- Born: December 18, 1955 (age 70) Connecticut
- Occupations: Paranormal researcher TV personality Author Lecturer
- Organization: Paranormal Research Society of New England
- Spouse: Cheryl Zaffis ​(m. 1984)​
- Children: 3
- Website: johnzaffis.com

= John Zaffis =

American paranormal researcher (born 1955)

John Zaffis (born December 18, 1955) is an American paranormal researcher born and based in Connecticut. He starred in the SyFy paranormal reality TV show, Haunted Collector, and runs the Paranormal and Demonology Research Society of New England, which he founded in 1998.

==Career==
Zaffis has over forty years of experience as a paranormal investigator. Research has taken Zaffis all over the United States as well as Canada, England, and Scotland. He lectures at colleges, universities, and libraries throughout the United States, although usually not under academic auspices. Zaffis currently runs the Museum of the Paranormal located in Stratford, Connecticut. He also starred in and wrote the documentary film Museum of the Paranormal, which was released in spring 2010 and produced by New Gravity Media. His first book, Shadows of the Dark, was co-written with Brian McIntyre and published in 2004 through iUniverse.
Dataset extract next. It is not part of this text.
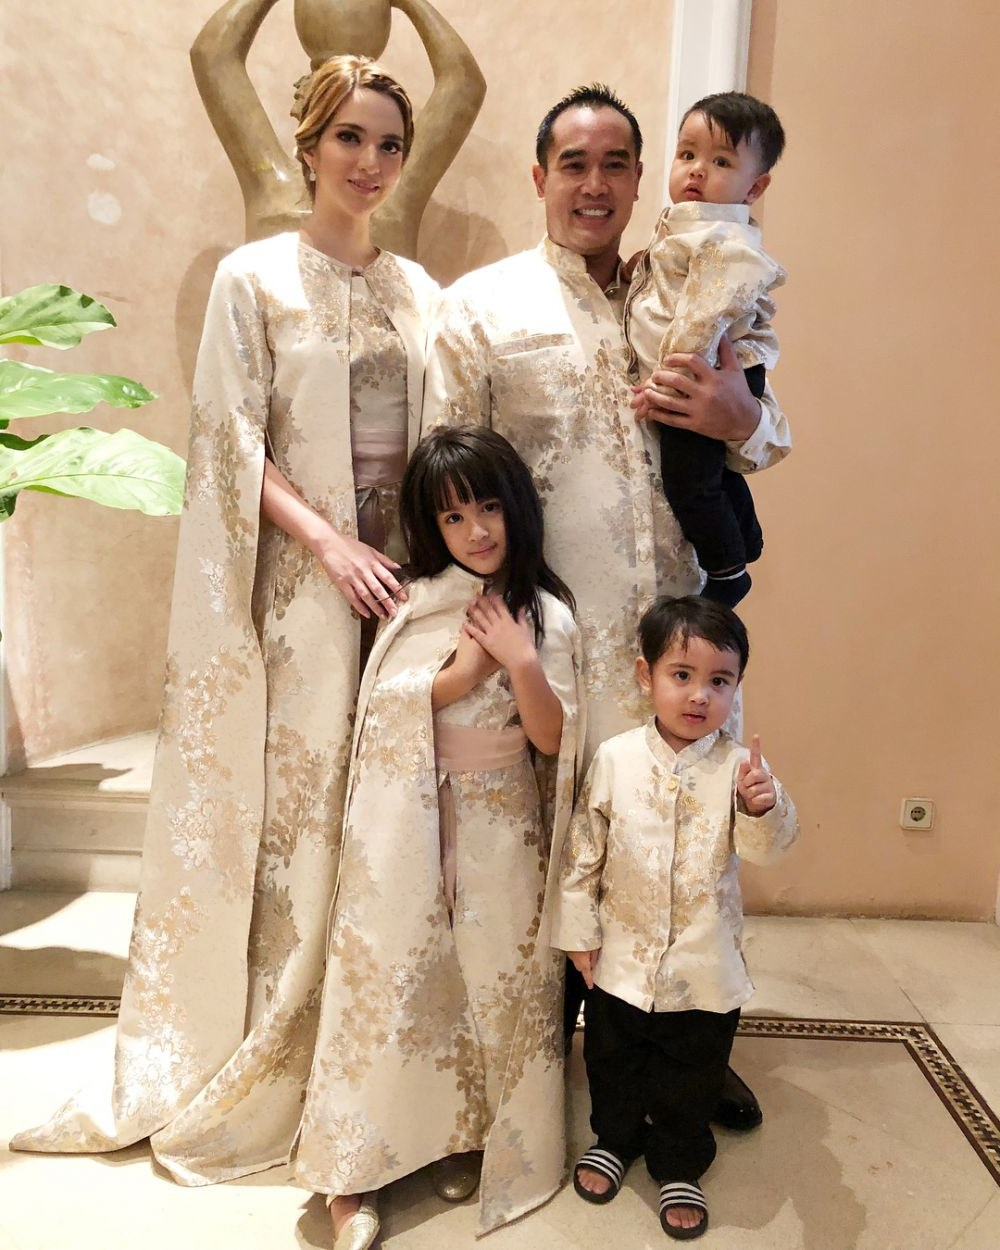 Bentuk Baju Lebaran Keluarga Warna Putih Drdp Potret 16 Seleb Pakai Baju Kembaran Saat Lebaran Kompak Abis

A documentary film on his work and personal life, called John Zaffis: The World Within and produced by CORE Films (which also produced the paranormal documentary series Scared!), was released on September 3, 2010.

==Haunted Collector==
Zaffis starred in a documentary TV series on Syfy called Haunted Collector, which premiered on June 1, 2011. It features him, his son, his daughter, and three other crew members searching for ghosts in certain buildings people call upon him to investigate. The premise of the show is that the crew finds an item in the building that may have some sort of connection with a haunting. John would take certain items claiming they were haunted. The show was initially cancelled in November 2013. It has subsequently been renewed and as of October 2016 is releasing new episodes on Destination America.
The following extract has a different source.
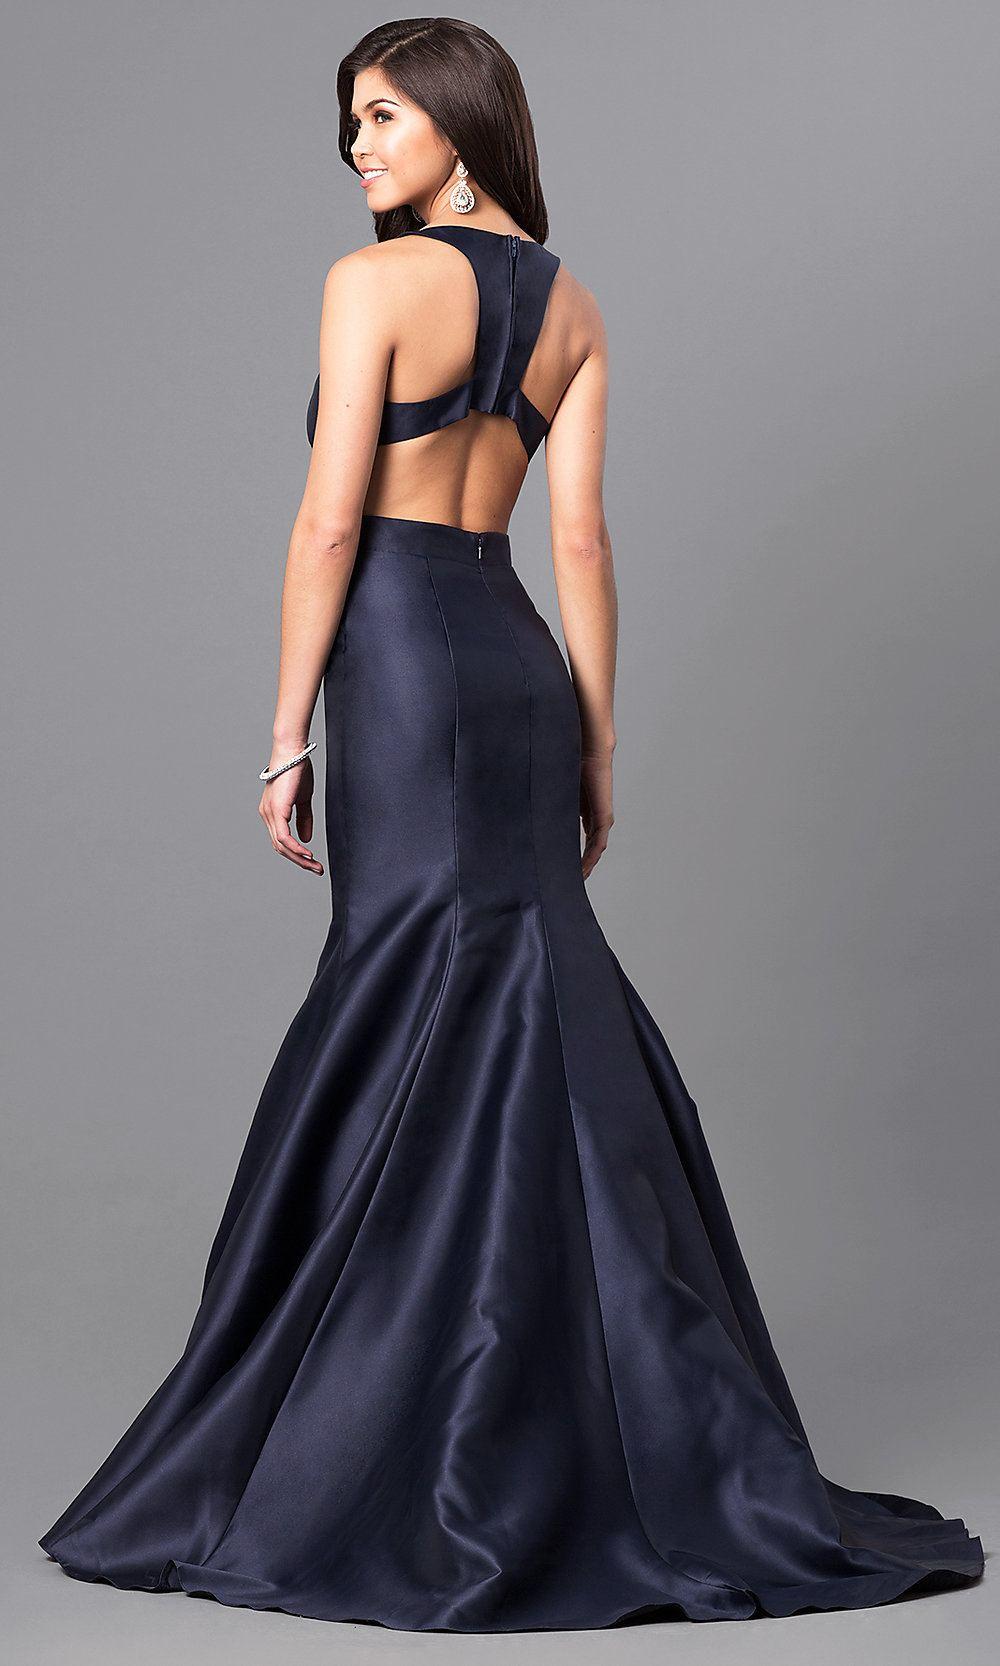 Latest Design Princess Ball Gown Wedding Dresses Sweetheart W1426 See Through Handmade Long Bridal Gowns Dazzling Gorgeous Best Made Wedding Dress Designers

==Other media appearances==
Zaffis has made appearances on Unsolved Mysteries, Fox News Live, and the Discovery Channel documentaries Little Lost Souls and A Haunting in Connecticut. He currently co-hosts the Paranormal Nights radio show with Brendan Keenan. Zaffis was also in two episodes of A Haunting ("The Possessed" and "Ghost Hunter") where the main characters of both episodes are possessed by harmful demons. In the 2008 docudrama The Possessed, he plays himself as the demonologist. Zaffis also appeared and was interviewed in the 2009 Ghost Adventures episode at the Remington Arms factory. He also appeared in the 2009 Scared! episode filmed at the Grand Midway Hotel.

Zaffis has appeared six times on the long-running radio program Coast to Coast AM from 2005 to 2007. Often, he is a guest and co-host on the Beyond Reality Radio program hosted by The Atlantic Paranormal Society's Jason Hawes and Grant Wilson.

He has also appeared in several episodes of the Travel Channel's paranormal reality TV program, Ghost Adventures, as well as on ABC's investigative program, 20/20, and on Piers Morgan's cable talk show broadcast on CNN.

==Personal life==
Zaffis admits that he was initially very skeptical of the existence of ghosts, until one Wednesday evening when he was sixteen and saw a transparent apparition at the foot of his bed shaking its head back and forth. When he told his mother of the incident, Zaffis learned that his grandfather, when he was alive, always shook his head when he was upset about something. In the next few days, Zaffis' grandmother, who lived with him, died. This incident piqued his interest in the paranormal and set him about talking to authorities on the subject and reading about the paranormal. Zaffis spent his first years studying under his uncle and aunt Ed and Lorraine Warren, both demonologists.

What he learned from his aunt and uncle exceeded his original interests in ghosts and haunted houses. Zaffis became interested in demonology at a young age, which led into his involvement with cases of spirit possession and exorcism and working with prominent exorcists in that field. He has studied the work of Roman Catholic priests, monks, Buddhists, rabbis, and Protestant ministers. Zaffis has also taken part in and assisted with the work of well-known exorcists like Bishop Robert McKenna, Malachi Martin, and Reverend Jun.

According to fellow paranormal investigator Jason Hawes, co-star of the reality television series Ghost Hunters, Zaffis counseled him after he began seeing apparitions at the age of twenty. Hawes credits Zaffis with his subsequent career as a ghost hunter.